The reported ICD-9-CM condition code values were mapped to the appropriate clinical classification category prior to being collapsed to 3-digit ICD-9-CM condition codes. The result is that every record which has an ICD-9-CM diagnosis code also has a clinical classification code.
For confidentiality purposes, ICD-9-CM codes are recoded to broader codes by clinicians for conditions that occur fewer than four times within a year’s conditions file. CCS codes are assigned to the original fully-specified ICD-9-CM codes. When the original ICD-9-CM codes undergo recoding, no changes are made to the assigned CCS codes.

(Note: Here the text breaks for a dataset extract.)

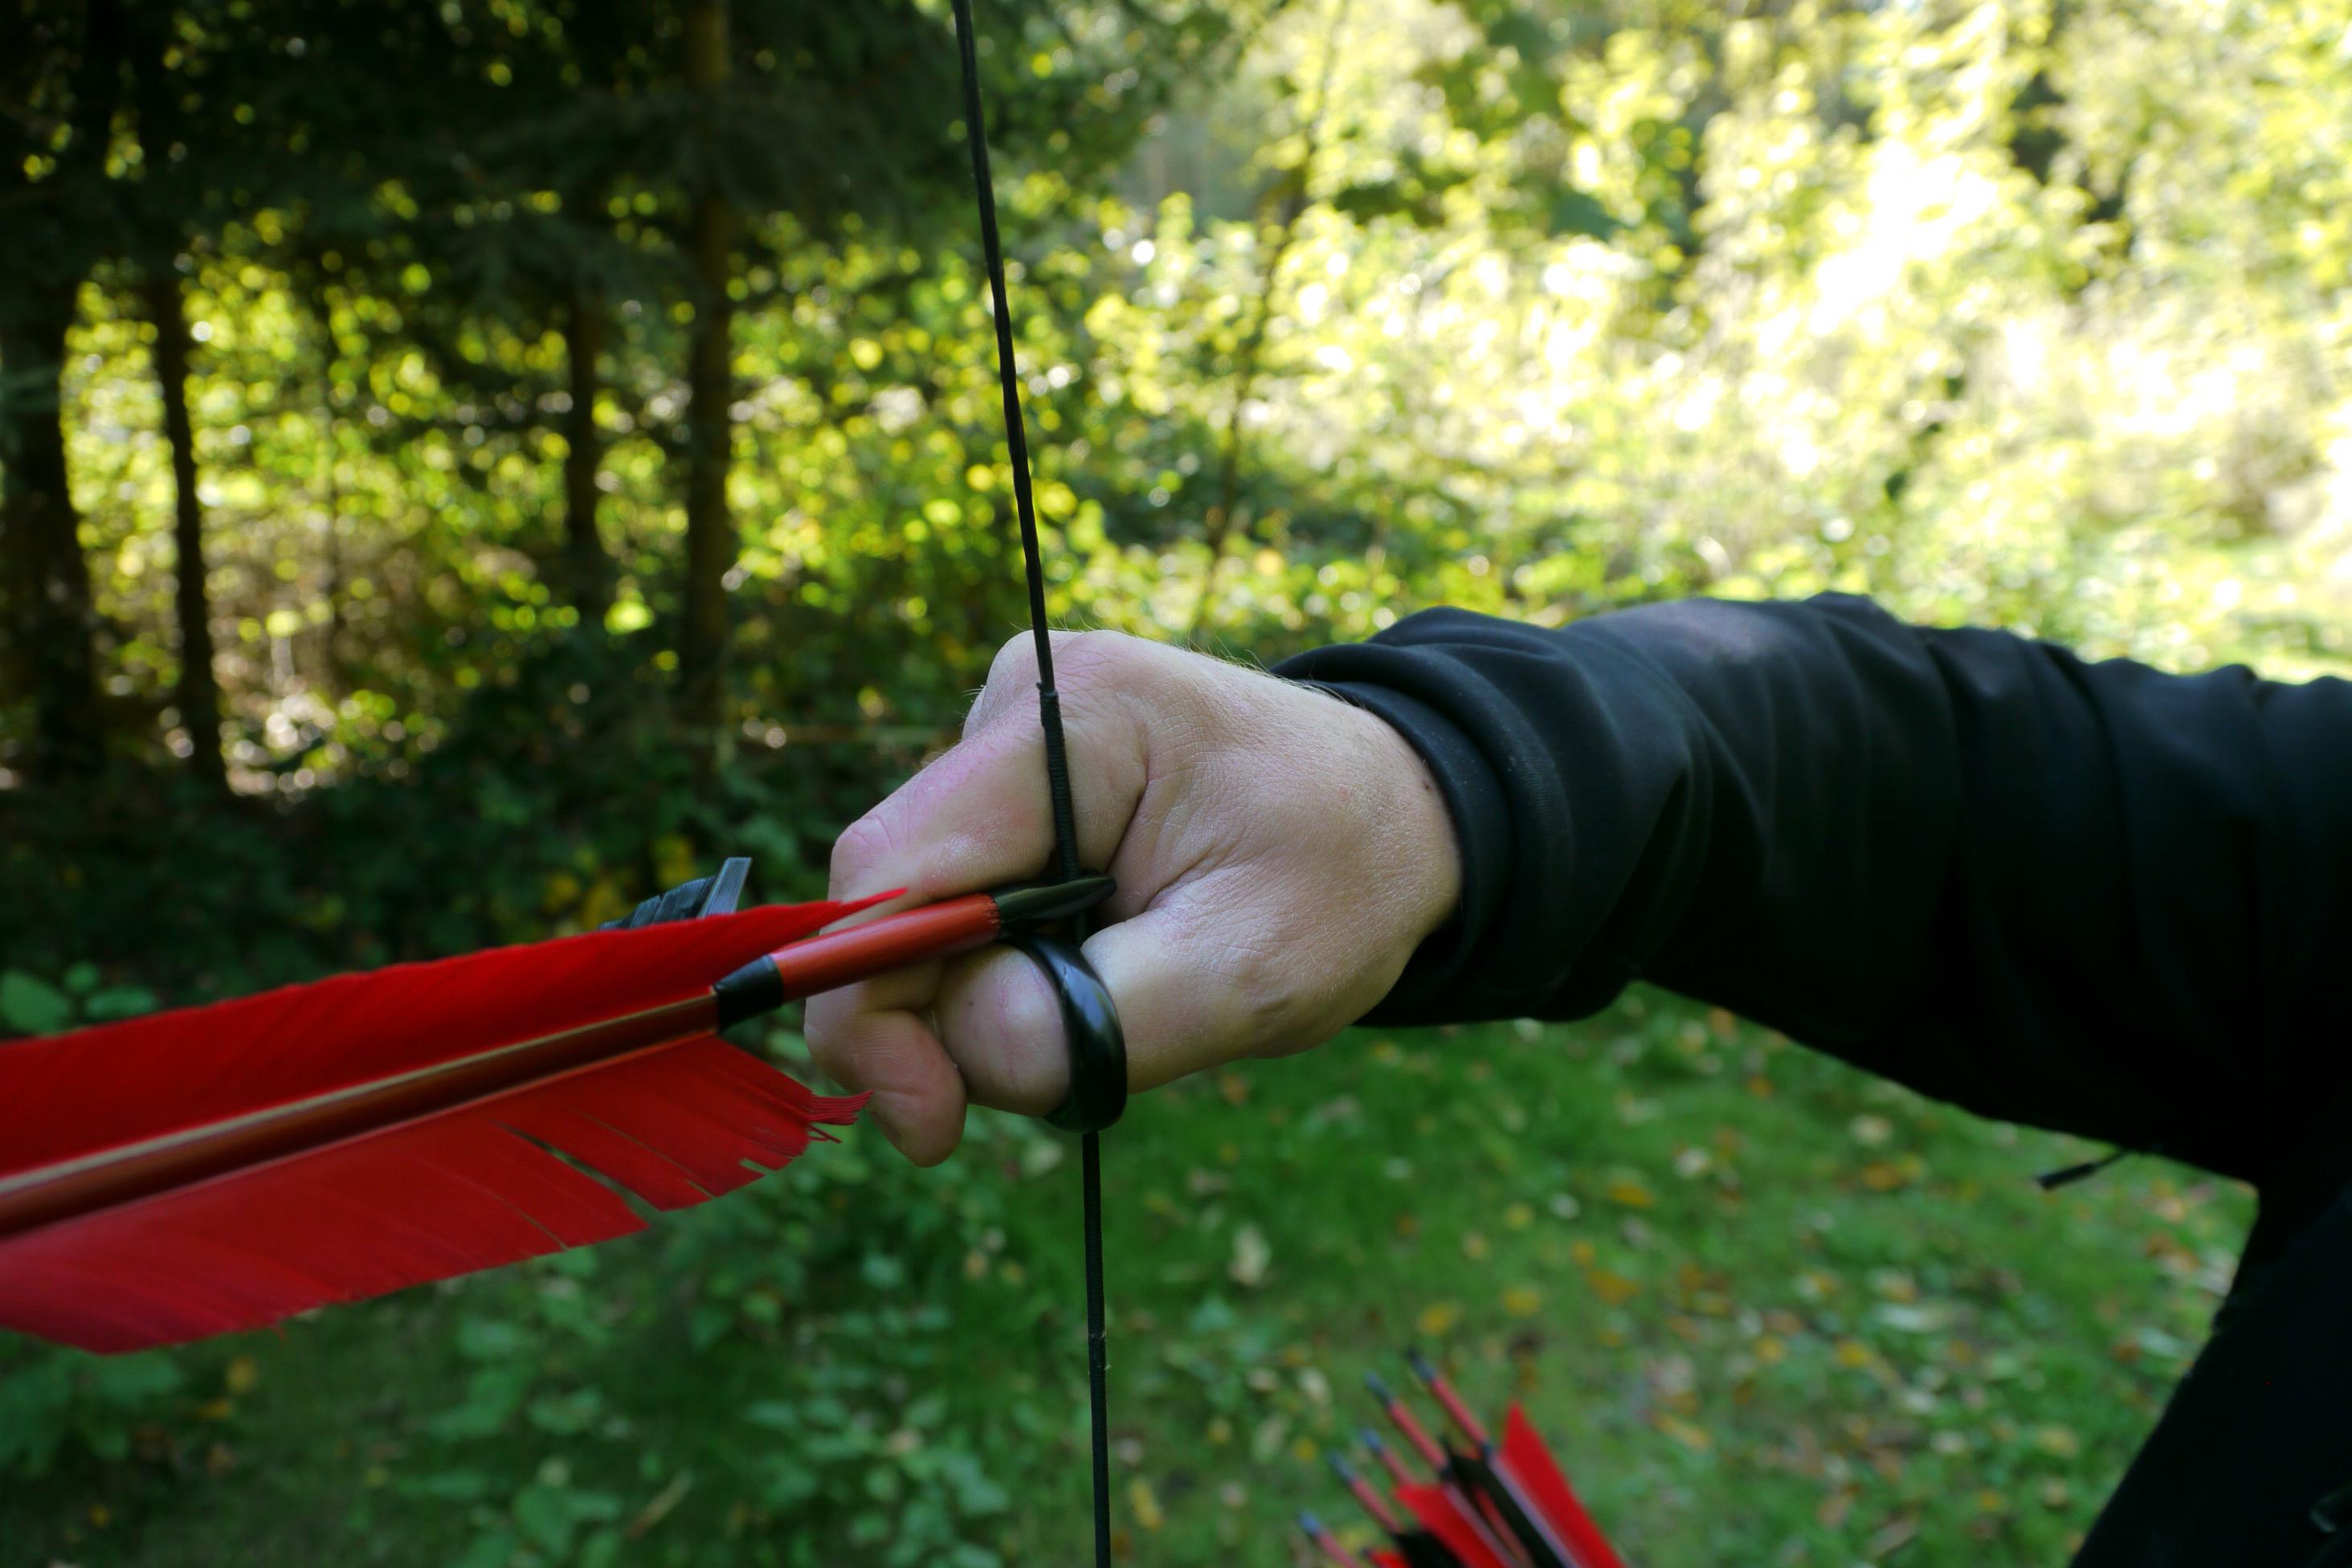 2928x1952 The Drawing Hand Archery Thumb Ring Munich

As with ICD9CODX and ICD9PROX, professional coders followed specific guidelines in setting CCCODEX to a missing value. CCCODEX was coded -9 where the verbatim text fell into one of three categories: (1) the text indicated that the condition was unknown (e.g., DK); (2) the text indicated the condition could not be diagnosed by a doctor (e.g., doctor doesn’t know); or (3) the specified condition was not codeable and a procedure could not be discerned from the text. CCCODEX was coded -1 where the verbatim text strictly denotes a procedure and not a condition.
A small number (less than 1 percent) of clinical classification codes have been edited for confidentiality purposes. Table 3 in Appendix 2 provides weighted and unweighted frequencies for CCCODEX. Labels for all values of the variable CCCODEX, as shown in Table 3, are provided in the SAS programming statements included in this release (see the H146SU.TXT file).

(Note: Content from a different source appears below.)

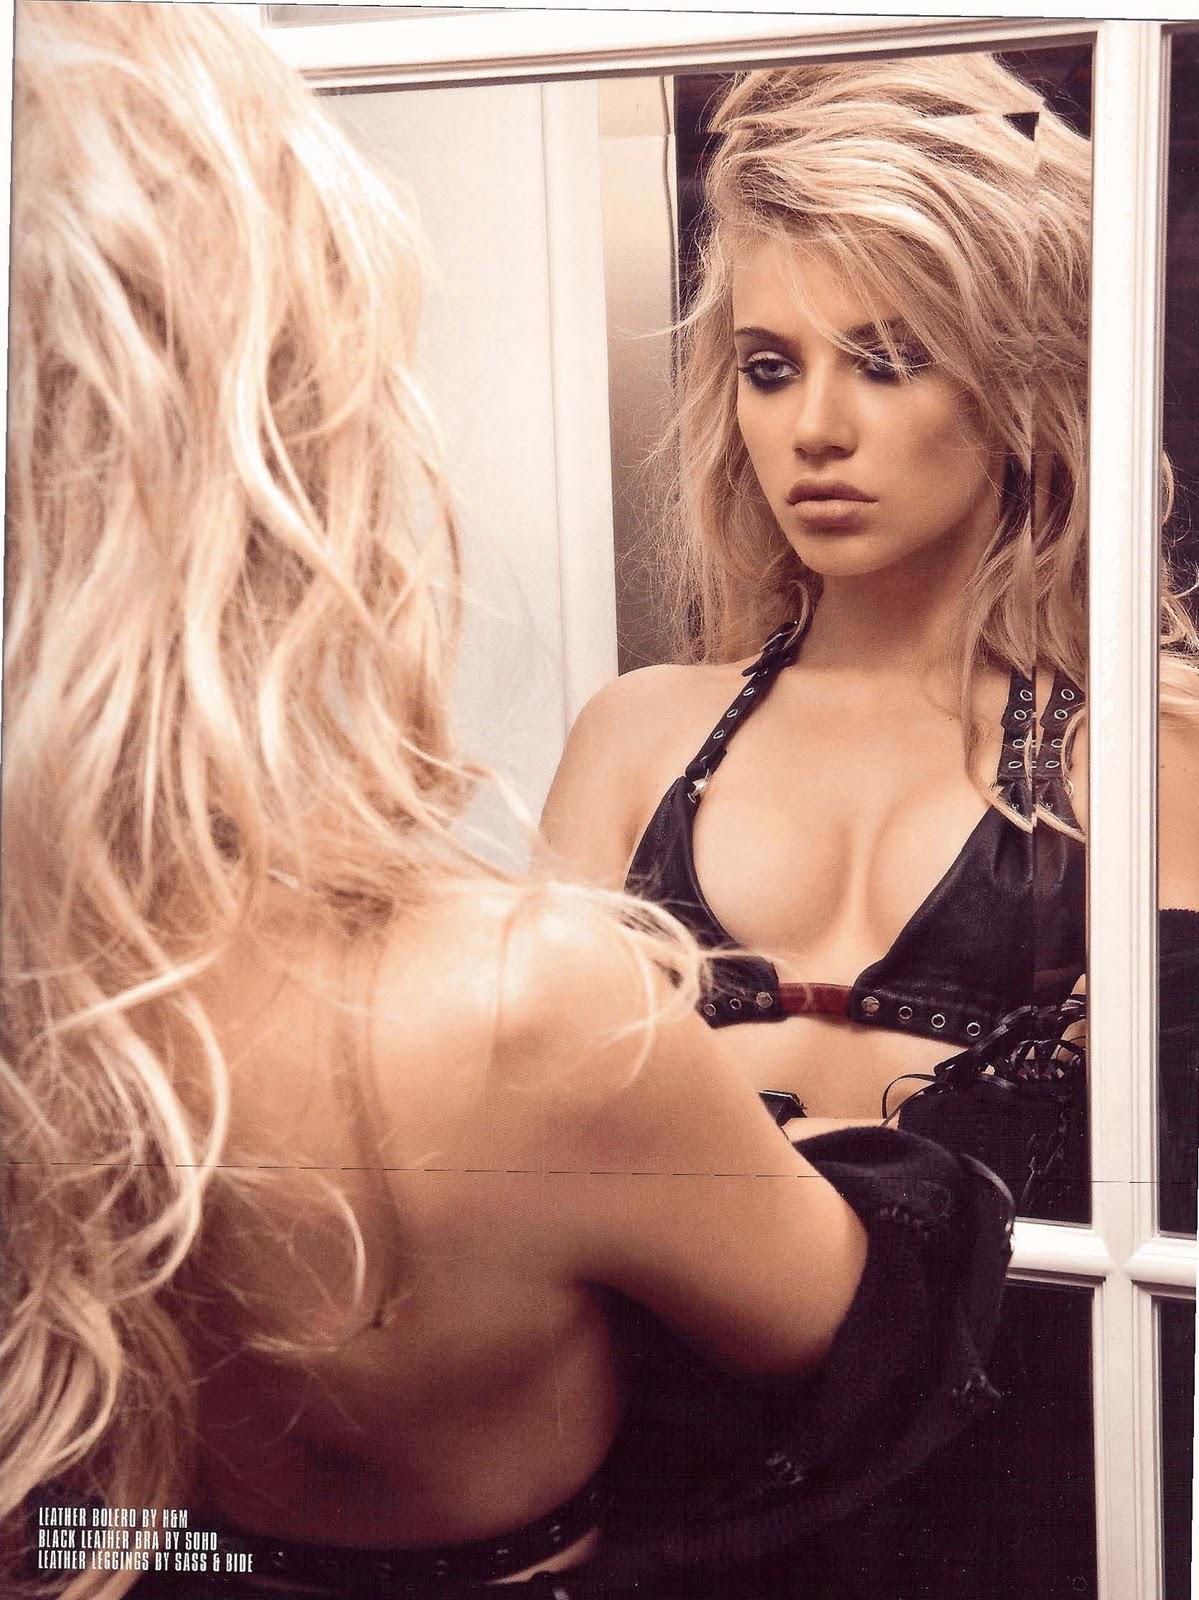 Watch Xenia Tchoumitcheva Nude Photos and Videos video

In a small number of cases, clinical classification codes were further recoded to -9 if they denoted a pregnancy for a person younger than 16 or older than 44. There were 13 records recoded in this manner on the 2011 Medical Conditions File. The person’s age was determined by linking the 2011 Medical Conditions File to the 2010 and 2011 Person-Level Use PUFs. If the person’s age is under 16 or over 44 in the round in which the condition was reported, the appropriate clinical classification code was recoded to -9.

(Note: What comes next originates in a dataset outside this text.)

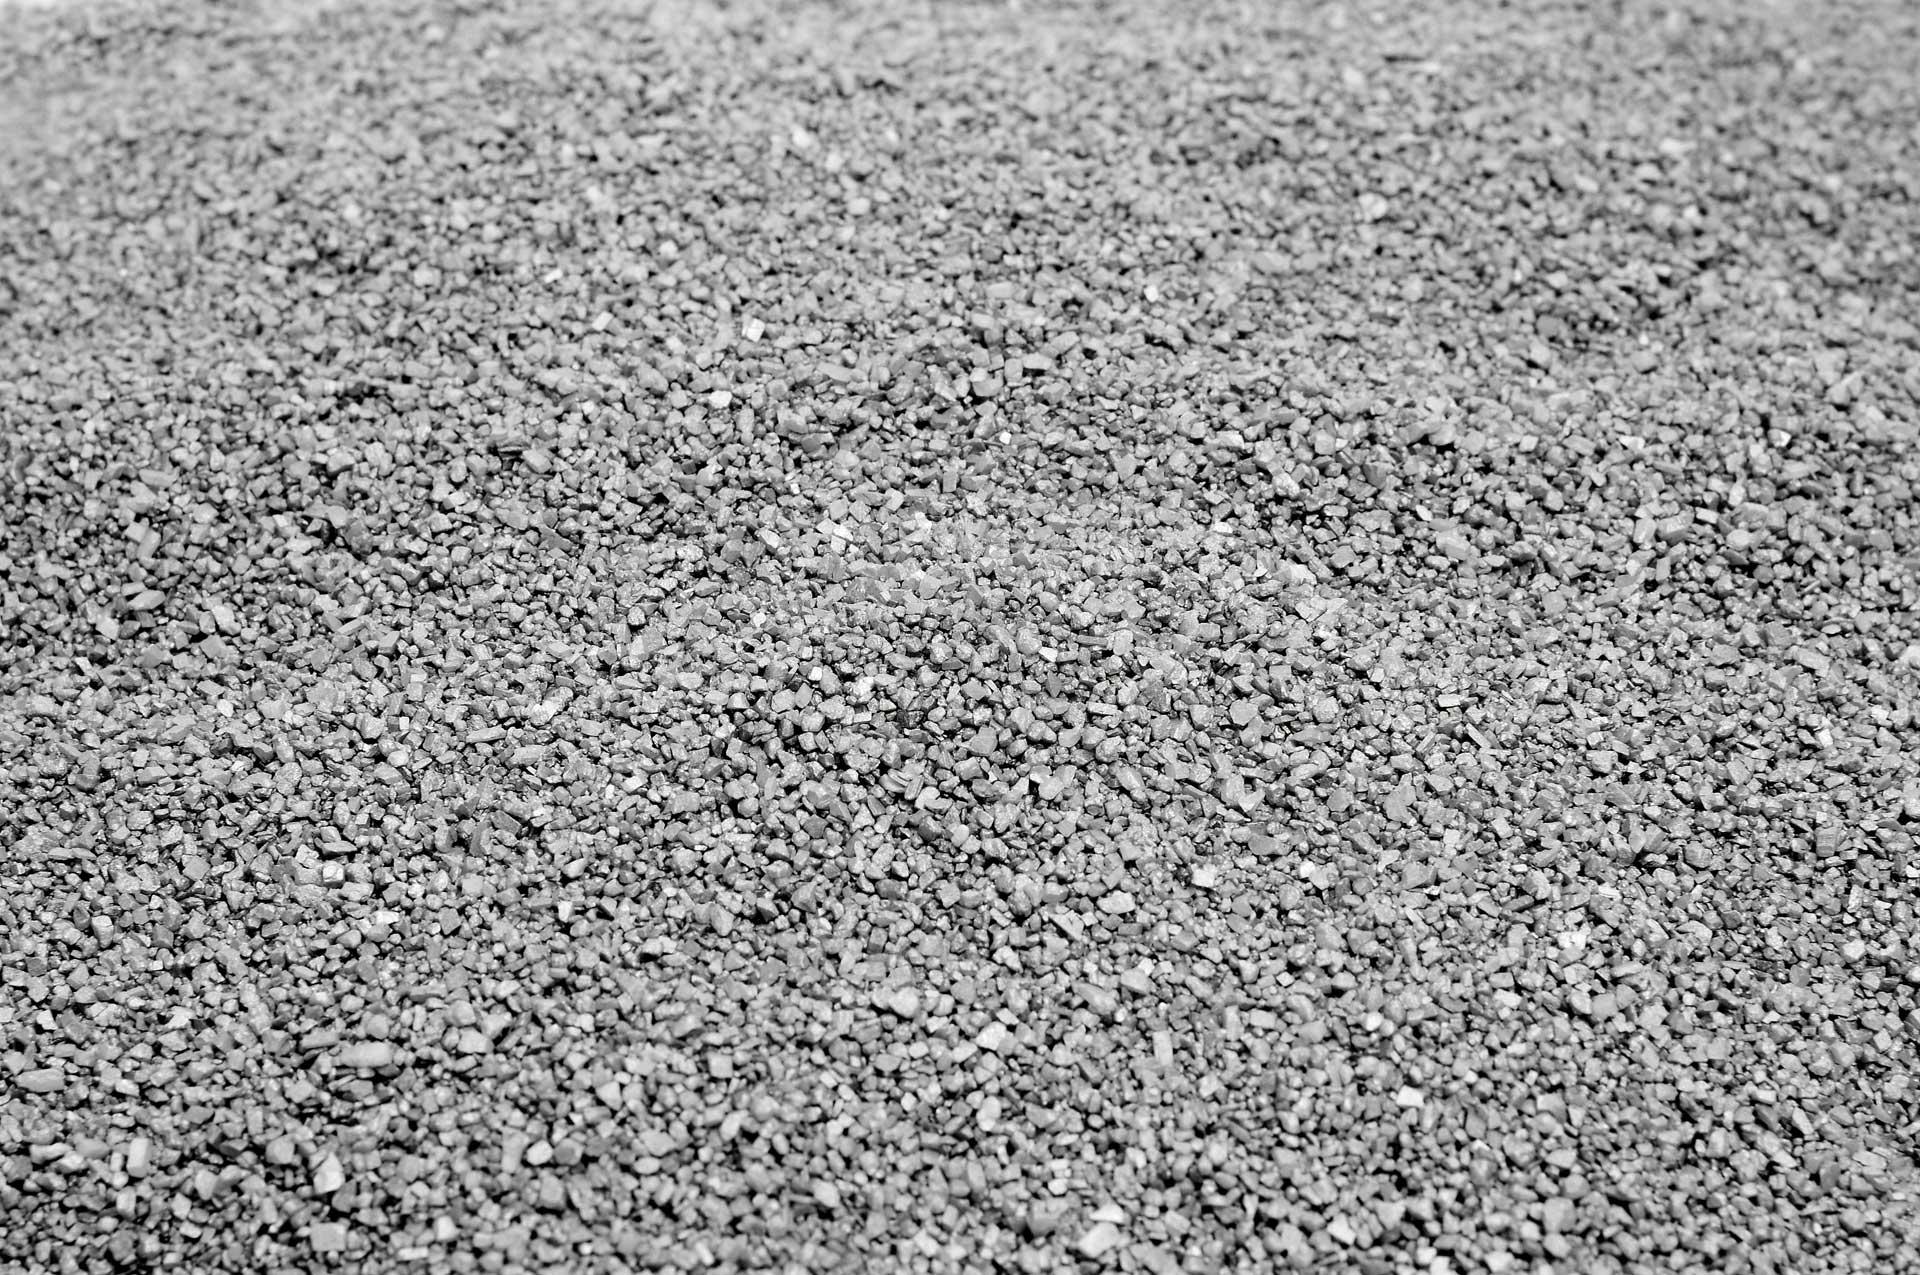 #57 Bluestone Applications - image of a bulk pile of bluestone

Note that, prior to 2004 the range for the variable CCCODEX was 001 through 260. In 2004, revisions to the coding of mental disorders were implemented. The codes 650 through 663 replaced 065 through 075 in 2004. Beginning in 2007, the mental disorders codes were reorganized again. Alcohol and substance abuse disorders were broken into separate categories, and miscellaneous mental disorders were renumbered.
Analysts should use the clinical classification codes listed in the Conditions PUF document (HC-146) and the Appendix to the Event Files document (HC-144I) when analyzing MEPS conditions data. Although there is a list of clinical classification codes and labels on the Healthcare Cost and Utilization Project (HCUP) Website, if updates to these codes and/or labels are made on the HCUP Website after the release of the 2011 MEPS PUFs, these updates will not be reflected in the 2011 MEPS data.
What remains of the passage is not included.